Introduction
-
Activation Function : is a function to induce non-linearity into the output of the neuron for the given input.
-
Non-Linearity : Functions that do not satisfy the following linearity.
- $ f(x+y) = f(x)+f(y), \quad f(\alpha x) = \alpha f(x)$
-
Why Non-Linearity ? : because composites of linear functions are linear again
-
if output $f(x)$ of neuron is linear form like $wx + b$,
-
Even if the depth of the layer increases, it is just modeling another linear function $f(f(f(..(x)) = w’x+b'$
-
-
Role of bias : It’s similar to the constant b of a linear function y=ax+b. It allow you to move the line up and down to fit the prediction with the data better.
- Without $b$, the line always goes through the origin (0,0) and you may get a poorer fit.
-
1. Sigmoid / Logistic
-
Advantages :
-
Smooth gradient : preventing “jumps” in output values
-
Clear predictions : for $x$ above 2 or below -2, output tends to be at the edge of the curve, very close to 0 or 1.
-
-
Disadvantage:
-
Vanishing gradient : for very high or low values of X, there’s no change to the prediction, causing a vanishing gradient problem. This can result in the network being too slow to reach an accurate prediction.
-
Outputs not zero centered
-
Computationally expensive
$$ \sigma (x) = (1+e^{-x})^{-1} \ \sigma’(x) = \sigma(x) (1-\sigma(x)) $$
-
2. Tan H
-
Properties :
-
Zero Centered : make it easier to model inputs that have strongly negative,neutral, and strongly positive values
-
Same with Sigmoid funtion
$$ tanh(x) = \frac{sinh(x)}{cosh(x)}=\frac{e^x-e^{-x}}{e^x+e^{-x}} \ tanh’(x) = 1 - tanh^2(x) $$
-
3. ReLU (Rectified Linear Unit)
-
Advantages :
-
Computationally efficient : allows the network to converge very quickly
-
Non-Linearity: although it looks like a linear function, ReLU has a derivate fuction and allows for backpropagation.
-
-
Disadvantage:
- Dying ReLU : when inputs approach zero, or are negative, the gradient of the function becomes zero, the network cannot perform backpropagation and cannot learn.

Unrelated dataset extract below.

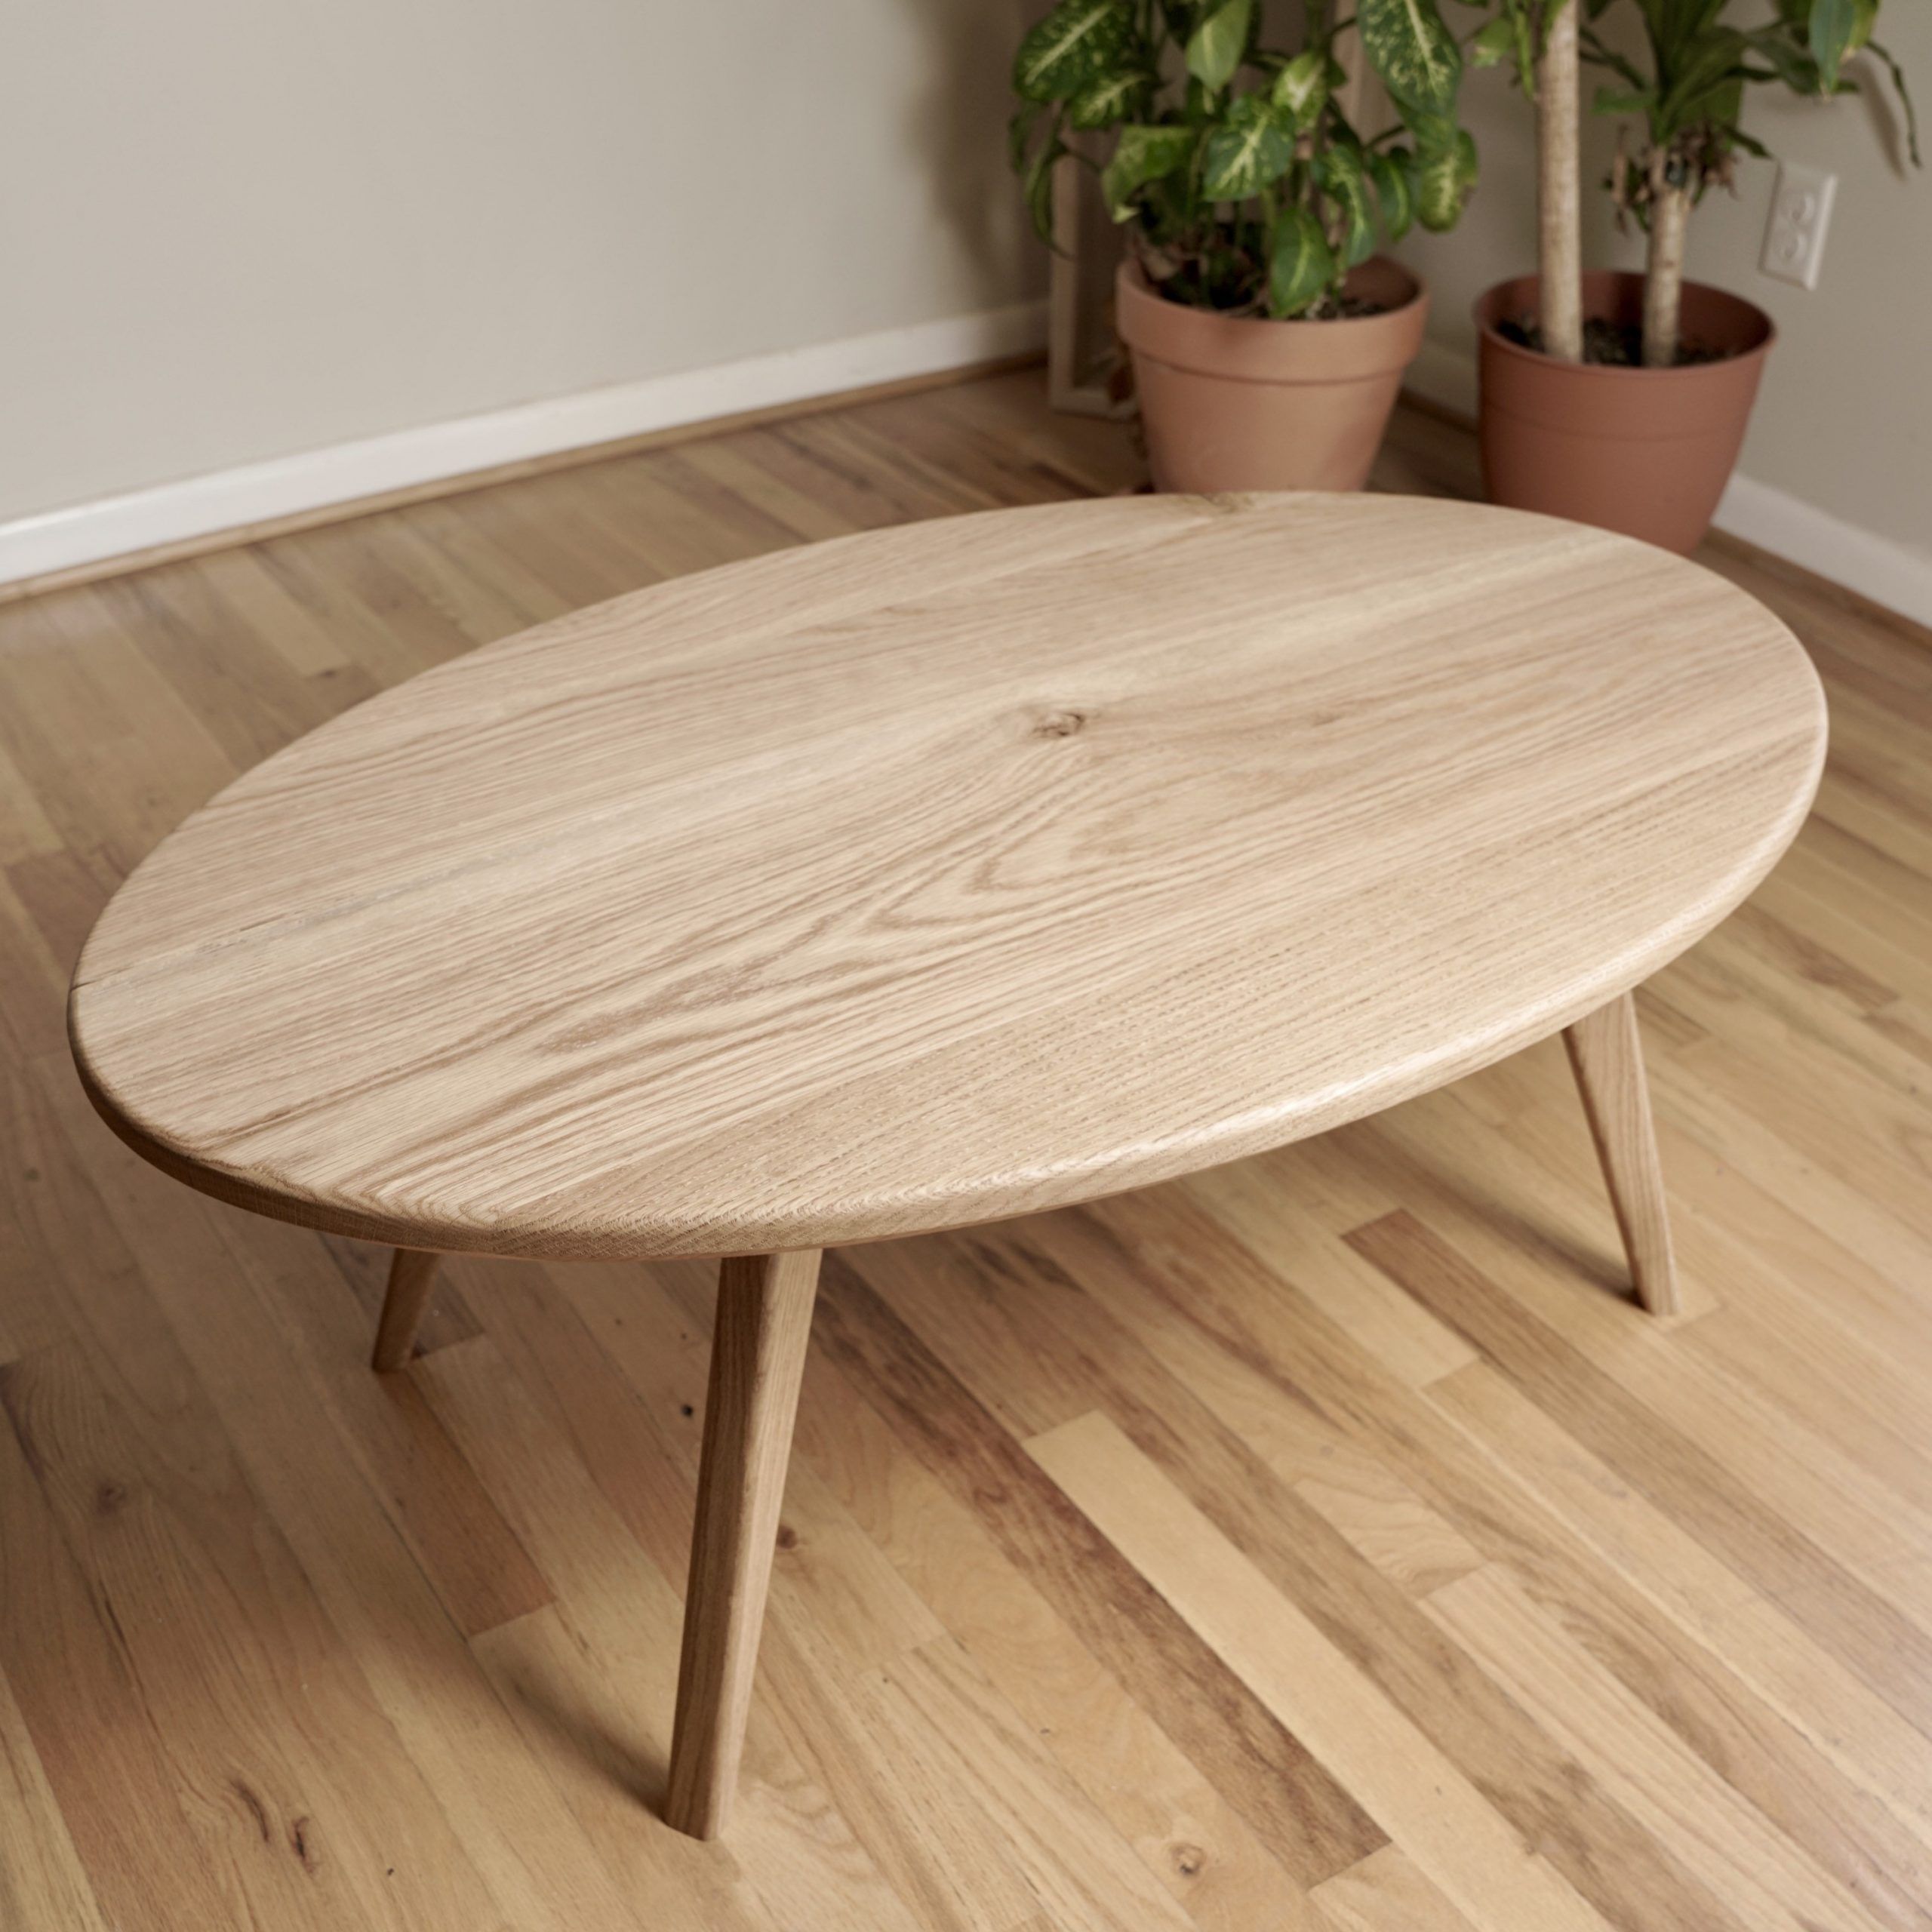 Trendy Scandinavian Coffee Tables Within Oval Scandinavian Coffee Table – Etsy (View 7 of 20)

$$ ReLU = \begin{cases} :x :: (x>0) \\ 0 :: (x<0) \end{cases} $$
4. Leaky ReLU
-
Properties :
- alleviate Dying ReLU : To resolve dying ReLU problem, leaky ReLU has non zero outputs with negative input, thus the gradient does not become zero.
$$ \text{Leaky ReLU} = \begin{cases} :x :: (x>0) \\ 0.01x :: (x<0) \end{cases} $$
5. ELU (Exponential Linear Units)
-
Properties :
-
alleviate Dying ReLU : To resolve dying ReLU problem, ELU has non zero outputs with negative input, thus the gradient does not become zero.
-
more computation : ELU has exponential function that ReLU doesn’t have, thus it costs bit more than ReLU.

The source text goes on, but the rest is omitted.